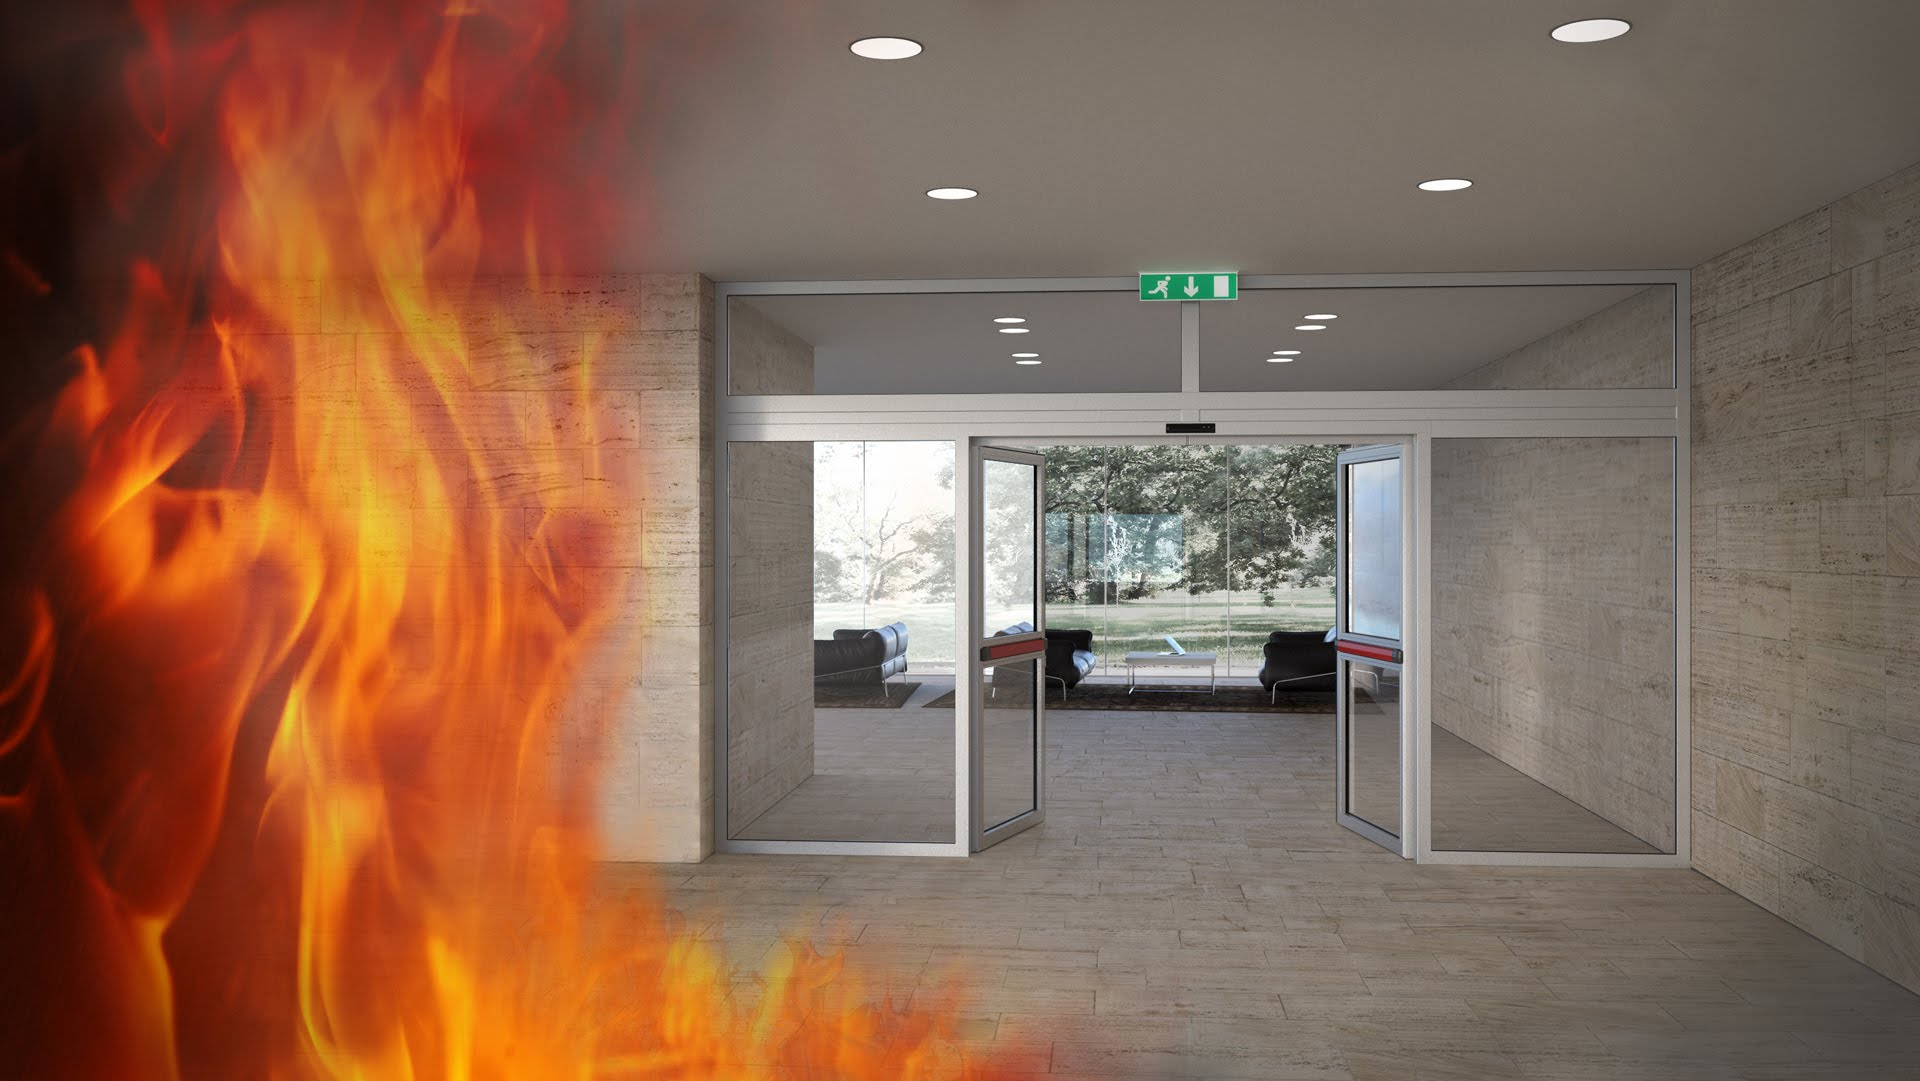 Arcom Glass partenerul dumneavoastra in usi automate rezistente la foc
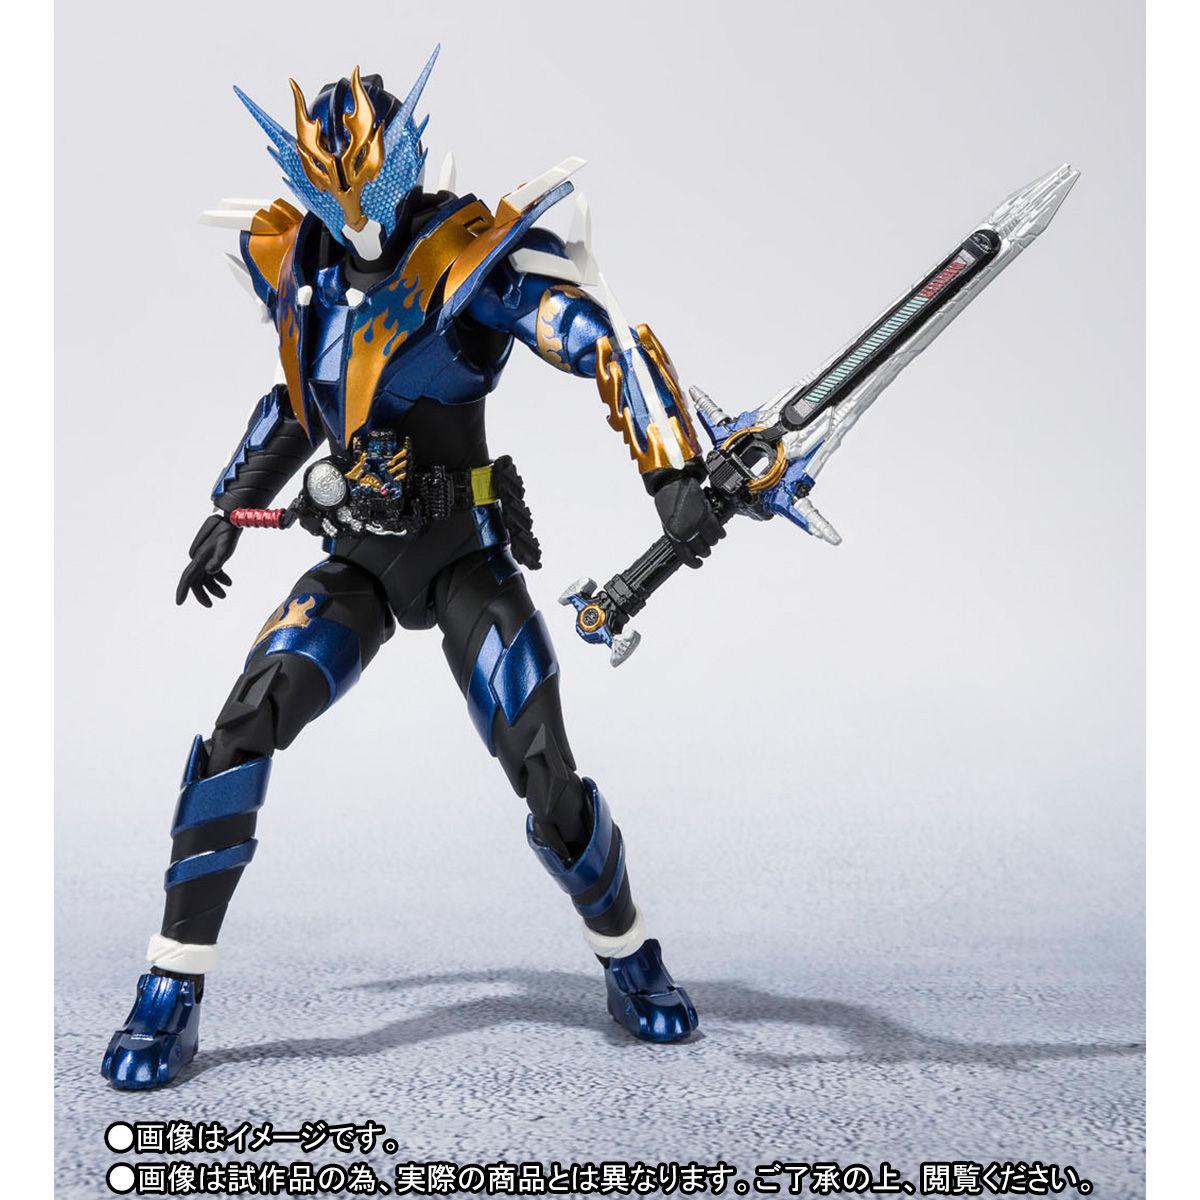 S.H.Figuarts 仮面ライダークローズ-006
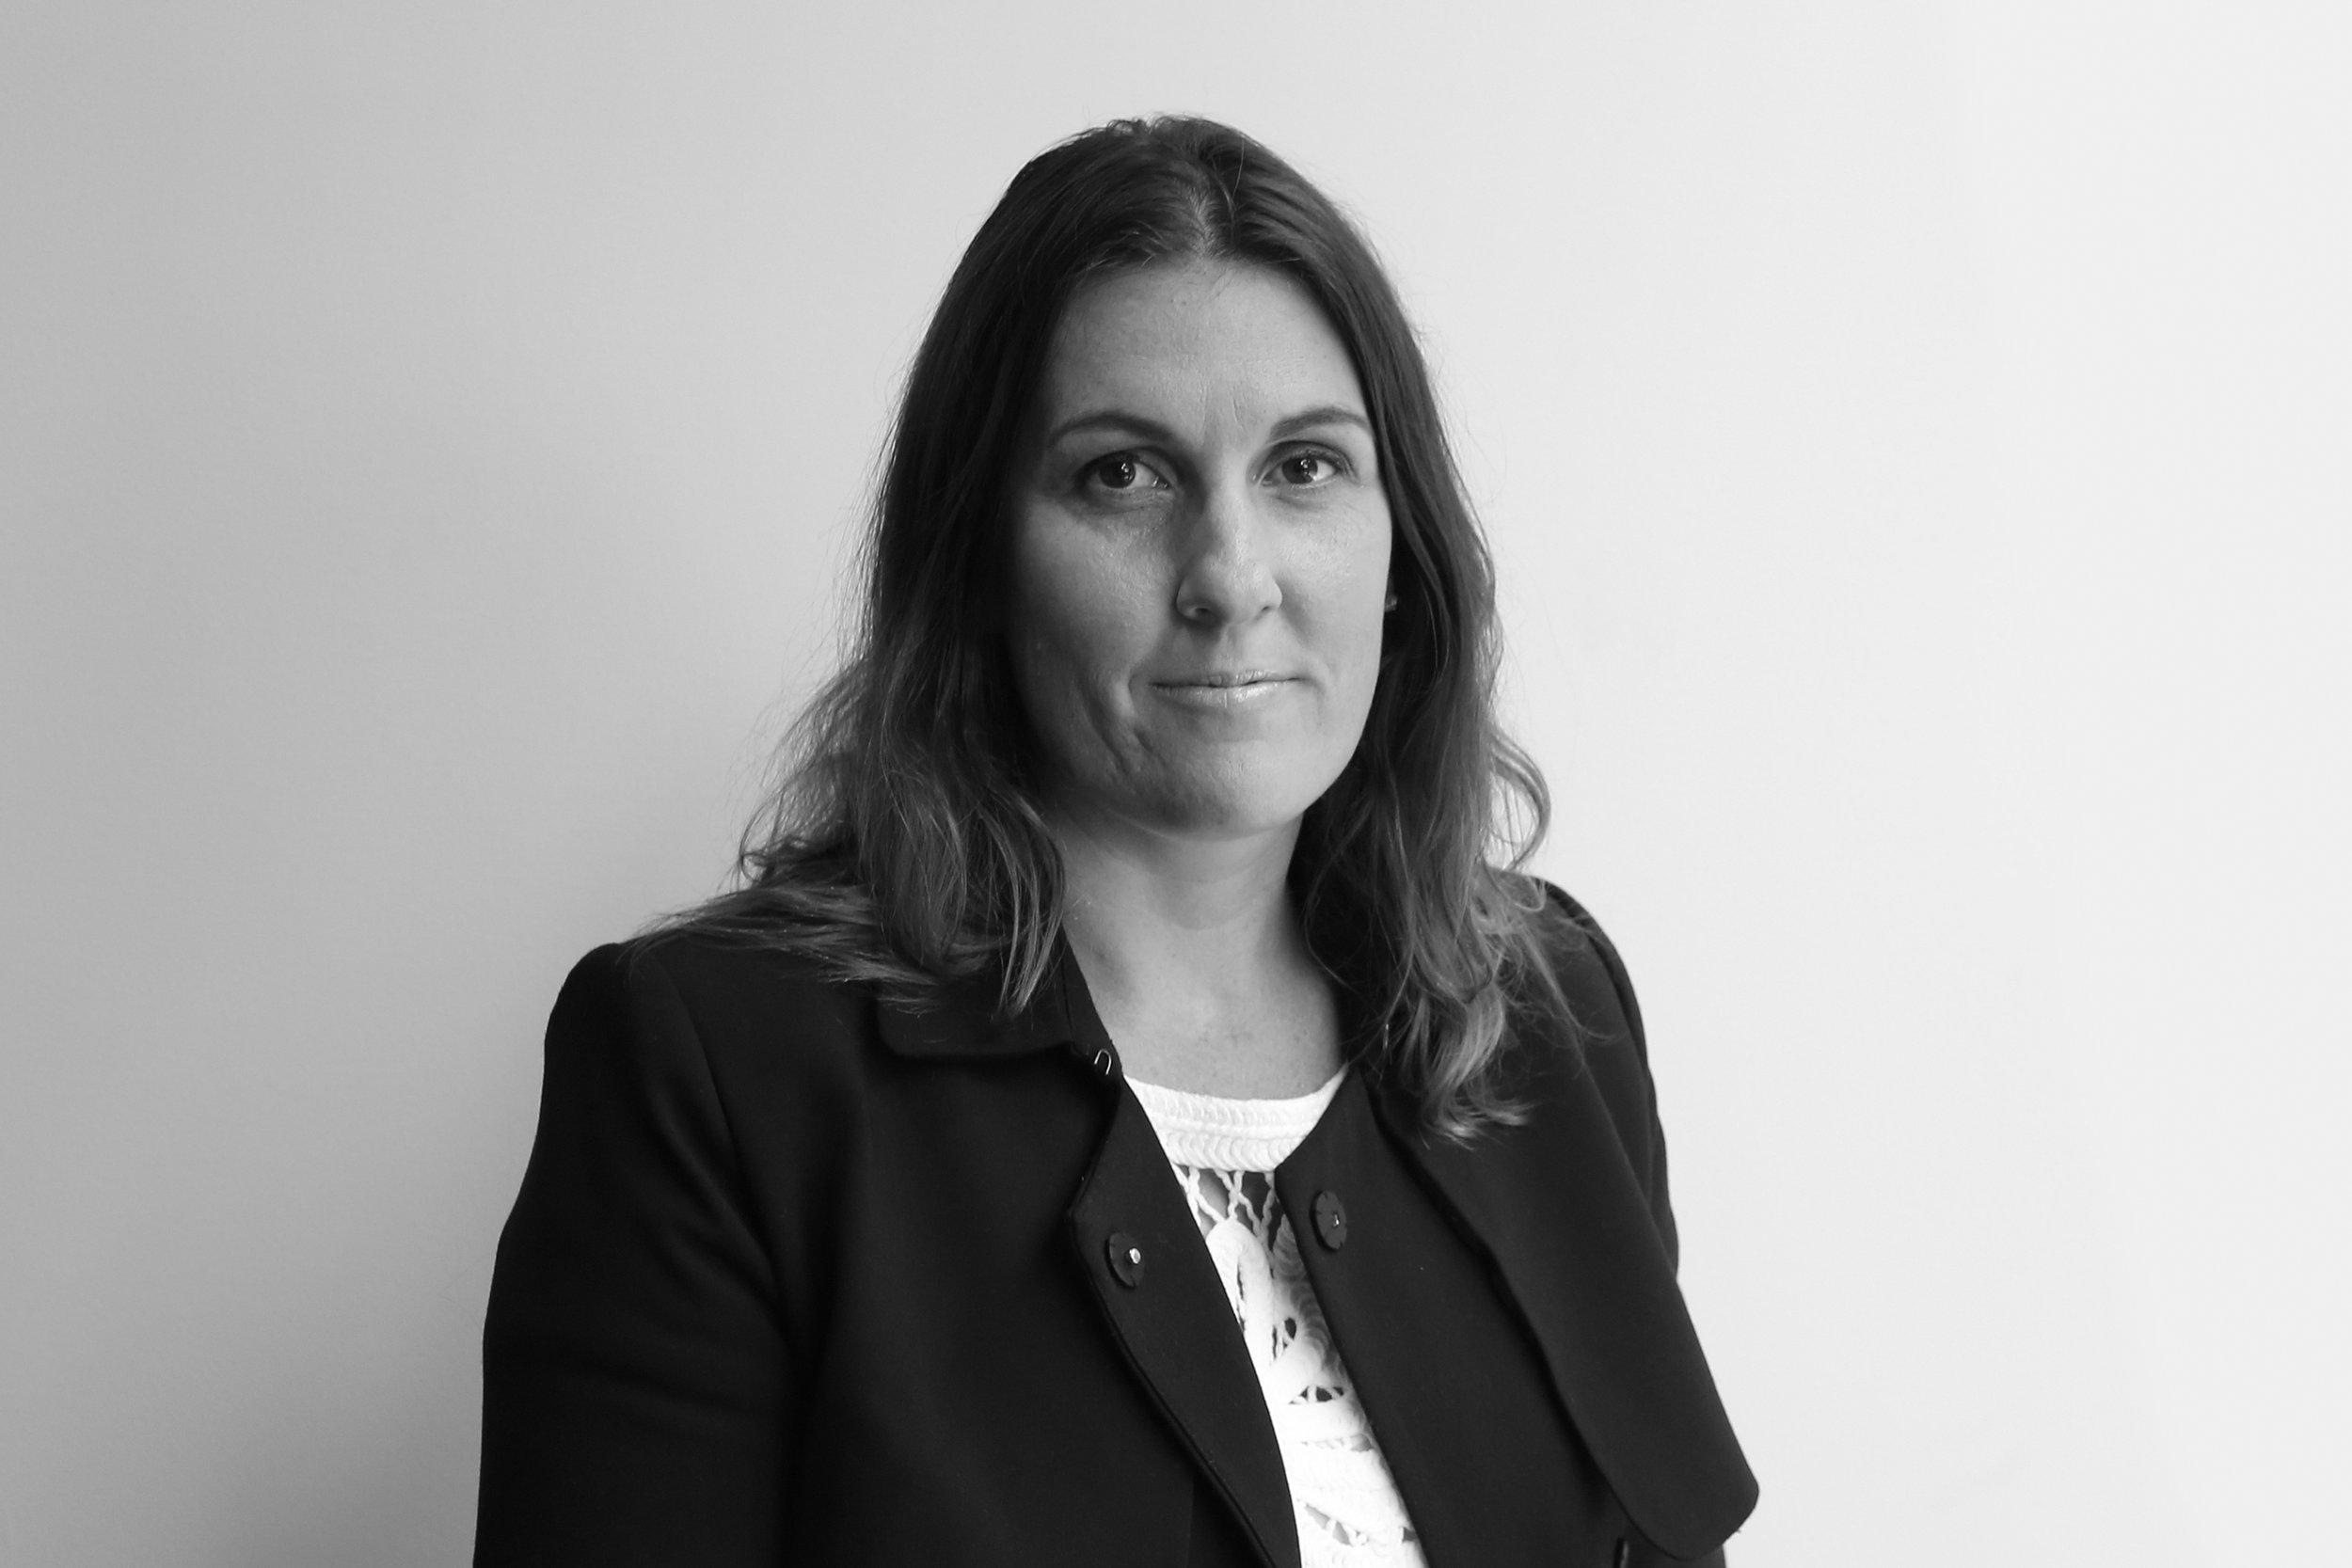 Megan Rodgers - Director
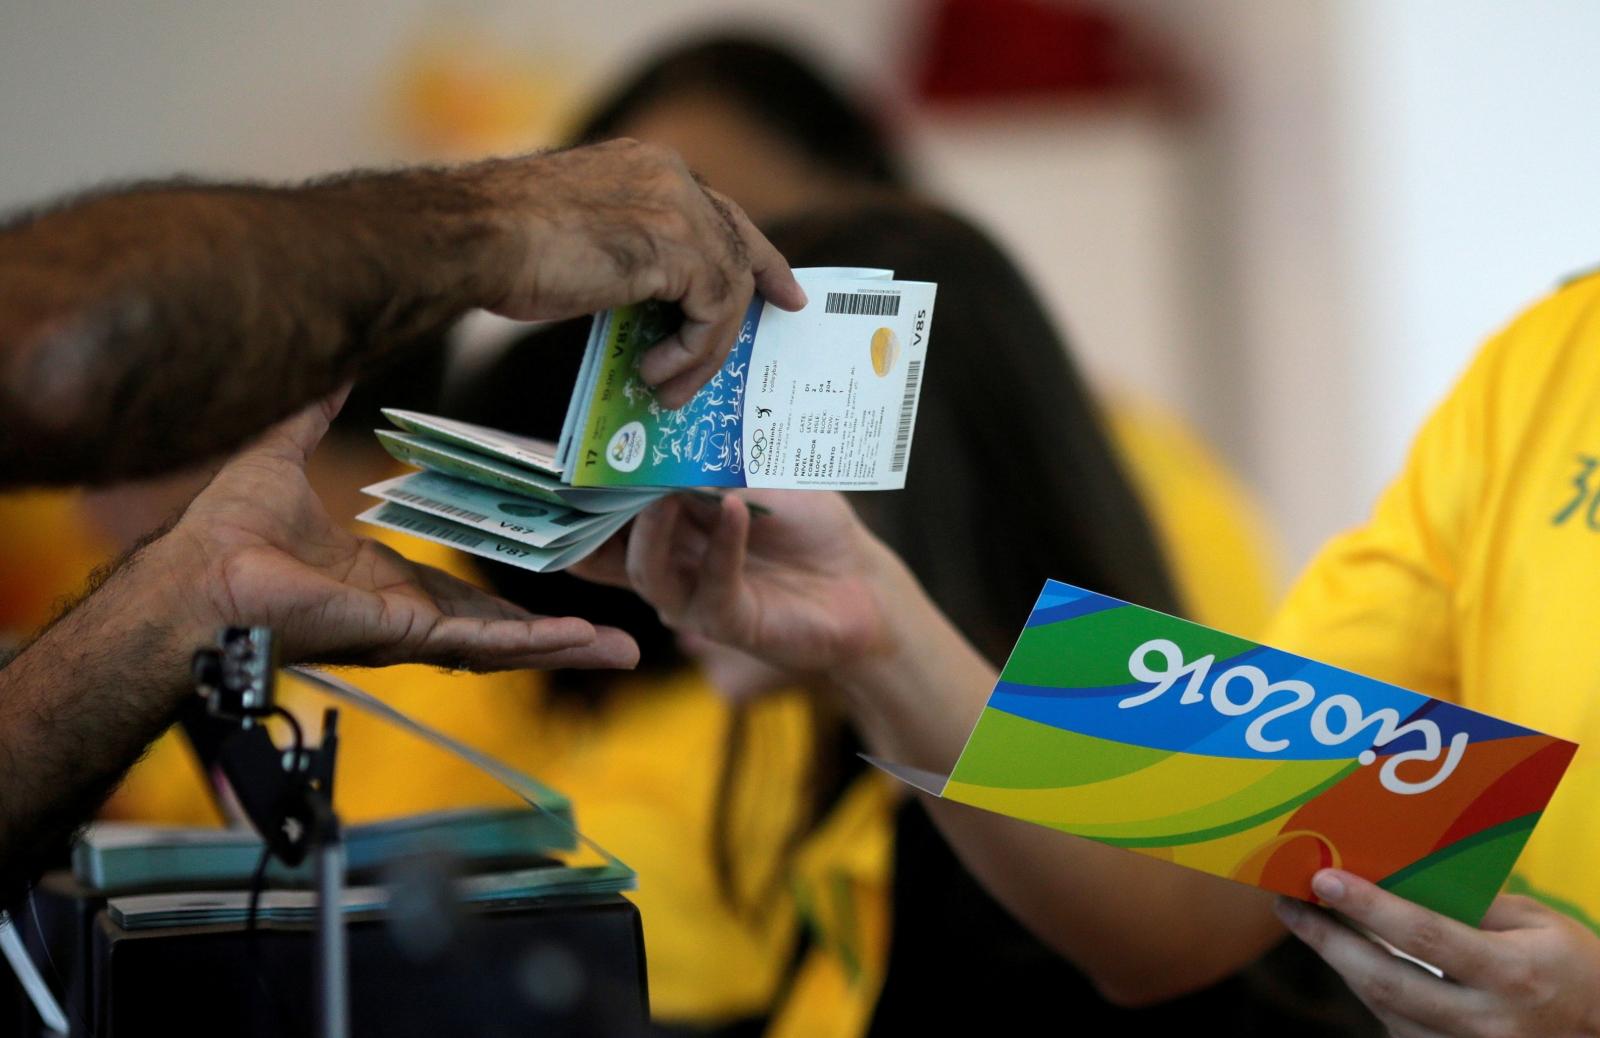 Rio 2016 Olympic Tickets

> **Your task**
Word for word, retype the lines from the one that contains "Megan Rodgers - Director" through the final line of the data, both ends included, excluding pictures.

> **Result of this exercise**
 Megan Rodgers - Director
 Rio 2016 Olympic Tickets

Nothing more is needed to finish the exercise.